Continuing on from my last post concerning optimisation and Lagrange multipliers, I came across a neat little paper on the arXiv here, which asks and answers the question: what shape should a planet be to maximise the gravitational force at a given position? This is a fun problem, solved using an extension of the techniques from the last post, namely the use of Lagrange multipliers to optimise a function given some constraint.

Let’s set some things down before we begin. Assume in the diagram below that we are stood at the pole of an arbitrarily-shaped planet, marked with the red dot. By symmetry, the planet will be cylindrically symmetric, but may have a varying profile. We should then use a cylindrical coordinate system to describe the surface of the planet – call this radius $r(z)$ as a function of depth below our feet $z$:

We want to calculate the total gravitational force caused by a planet of this shape at our position. To do this, let’s split up the planet into a series of disks. Suppose the disk at a distance $z_0$ has a radius $r(z_0) = r_0$. Also suppose it has density $\rho$ and thickness $\Delta z$, which we assume is very small. Referring to the diagram below, we can calculate the gravitational force caused by the small mass element coloured in red. The gravitational force exerted on us is depicted by the red line. Due to symmetry, only the component along the $z$-direction will matter, the other components will cancel out when we add the rest of the disk. Once we find the force due to this small component, we can integrate over the rest of the disk.

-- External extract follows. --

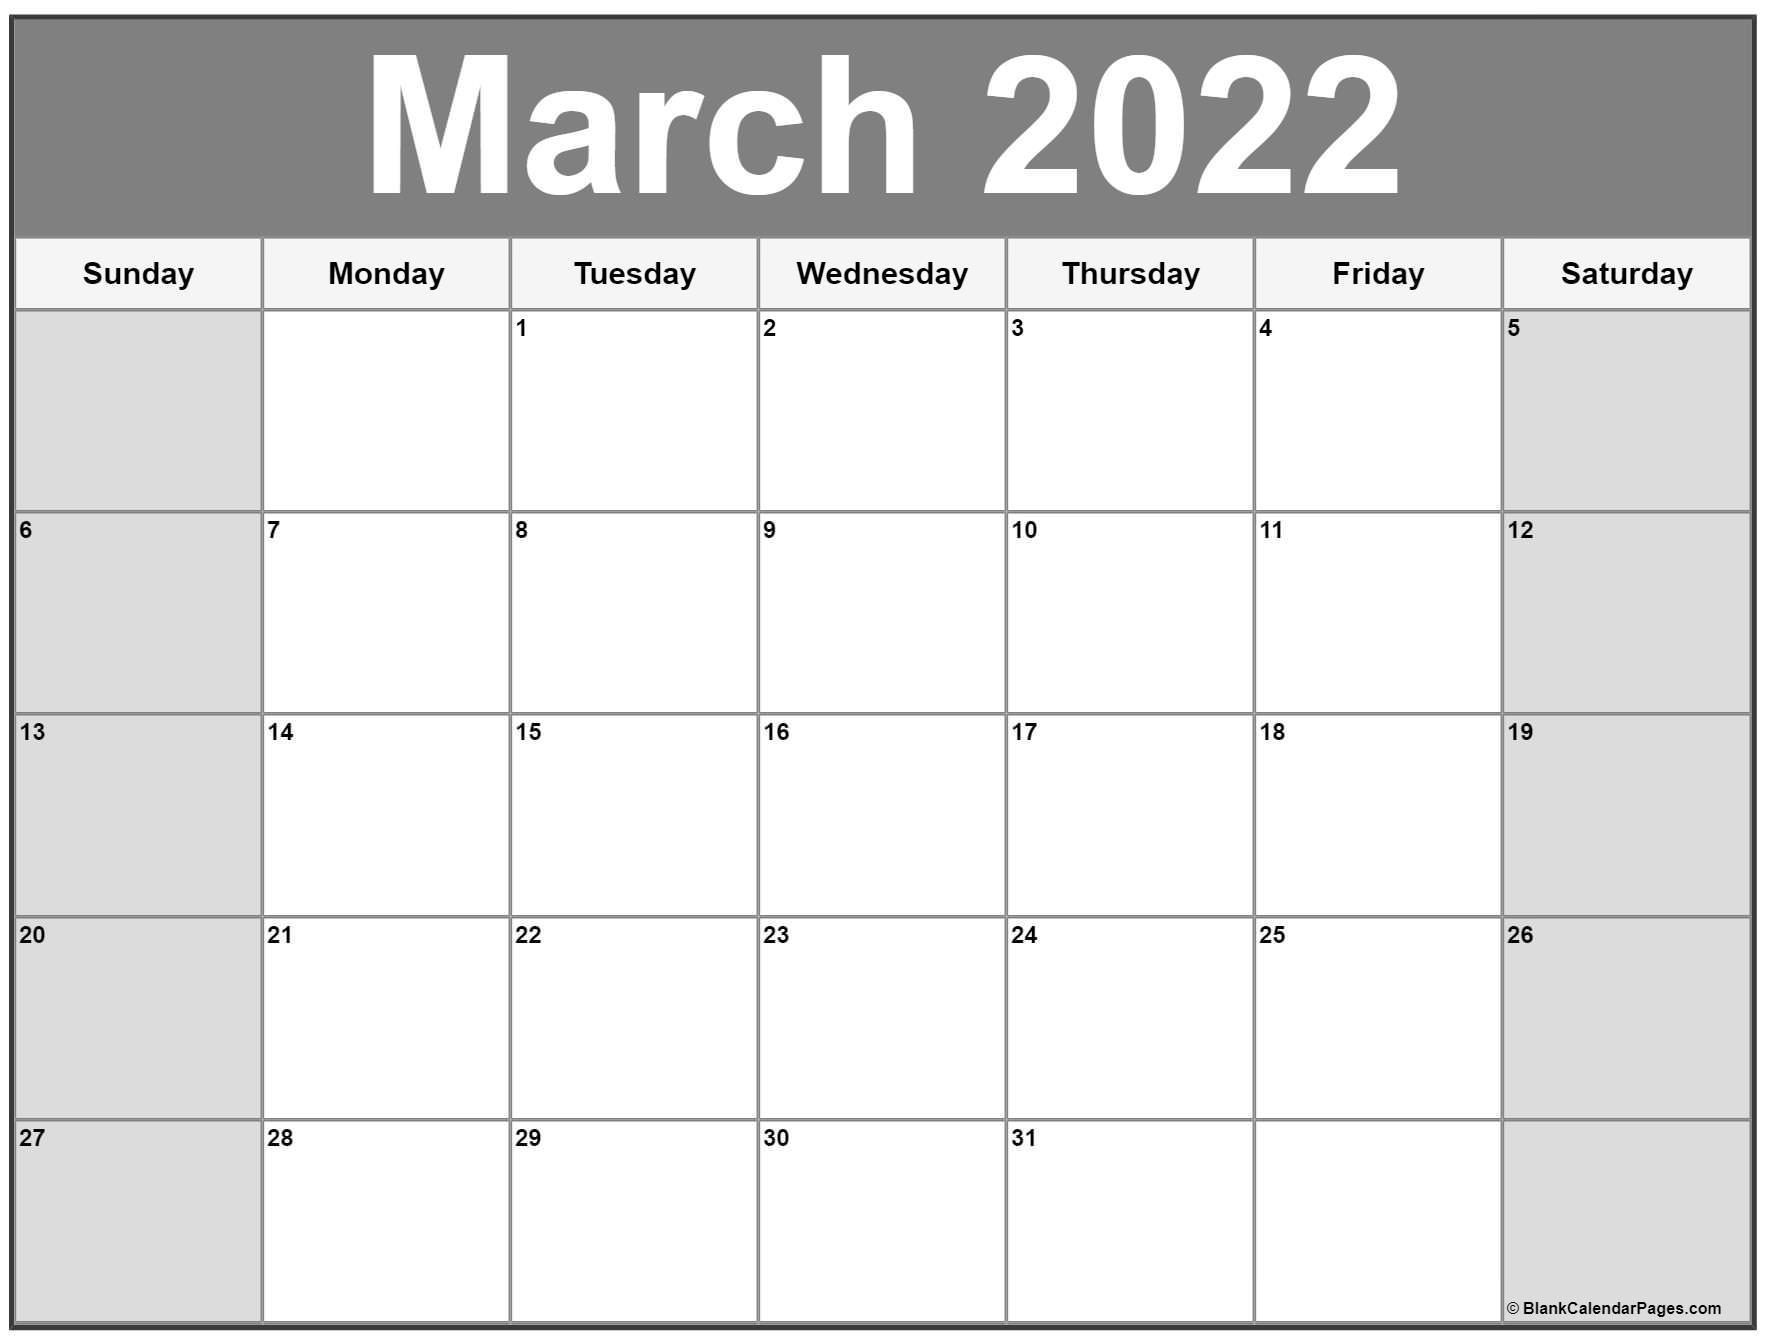 March 2022 Calendar | Free Printable Calendar Templates inside Everyday Is A Holiday Calendar 2022

It has dimensions $da \times ad\phi \times \Delta z$, so has mass $dm = \rho\Delta z a da d\phi$. It is a distance $d = \sqrt(z_0^2 + a^2)$ from us, so the magnitude of the force is given by Newton as

$dF_{disk} = \frac{GM_1M_2}{d^2}$

or equivalently the acceleration

$dA_{disk} = G\rho\Delta z \frac{a da d\phi}{z_0^2 + a^2}$

Finally we should include the fact we only need the $z$-component of the acceleration, so we multiply by $\cos\theta = z_0/d$. We can also integrate trivially over $\phi$ while we’re at it:

$dA_{disk} = 2\pi G\rho\Delta z z_0\frac{a da}{(z_0^2 + a^2)^{3/2}}$

The total acceleration is then given by integrating over $a$ to the edge of the disk:

$A_{disk} = 2\pi G\rho\Delta z z_0 \int_0^{r_0} \frac{a}{(z_0^2 + a^2)^{3/2}} da$

$A_{disk} = 2\pi G\rho\Delta z\left(1 - \frac{z_0}{\sqrt{z_0^2 + r_0^2}}\right)$

To get the force from the entire planet then, we continue this integration to the rest of the $z$-coordinate, remembering that the radius of each infinitesimal disk may change:

$A = 2\pi G\rho \int_0^{z_1} \left(1 - \frac{z}{\sqrt{z^2 + r(z)^2}}\right) dz$

Now we’ve defined in our co-ordinate system that we’re standing at the origin, so the planet must begin at $z = 0$. However we haven’t defined yet the endpoint of the planet $z_1$ – it could continue on indefinitely. We need to add a constraint then, otherwise we could keep making the planet bigger and bigger to increase the gravitational force. The constraint we need is that of constant mass – we are only interested in the relative shape of the planet. This is a constraint on the function $r(z)$ through the definition of the mass $M$ of the planet (assuming cylindrical symmetry):

$M = \pi\rho\int_0^{z_1}r(z)^2 dz$

Now this looks familiar – if we want to optimise something subject to a constraint, we should aim to optimise some linear combination of the quantity of interest and the constraint. In this case we should be optimising

$L[r(z)] \equiv A[r(z)] - \lambda M[r(z)] = \int_0^{z_1} \mathcal{L} dz$

where $\lambda$ is the Lagrange multiplier and $\mathcal{L}$ is analogous to some Lagrangian density

$\mathcal{L} = 2\pi G \rho \left(1 - \frac{z}{\sqrt{z^2 + r(z)^2}}\right) - \lambda\pi\rho r(z)^2$

Now in the above I’ve been notating these objects with square brackets to distinguish them from functions. Functions take a number and return another number. These things are functionals, which take a function and return a number. We are now trying to find a function which minimises a functional.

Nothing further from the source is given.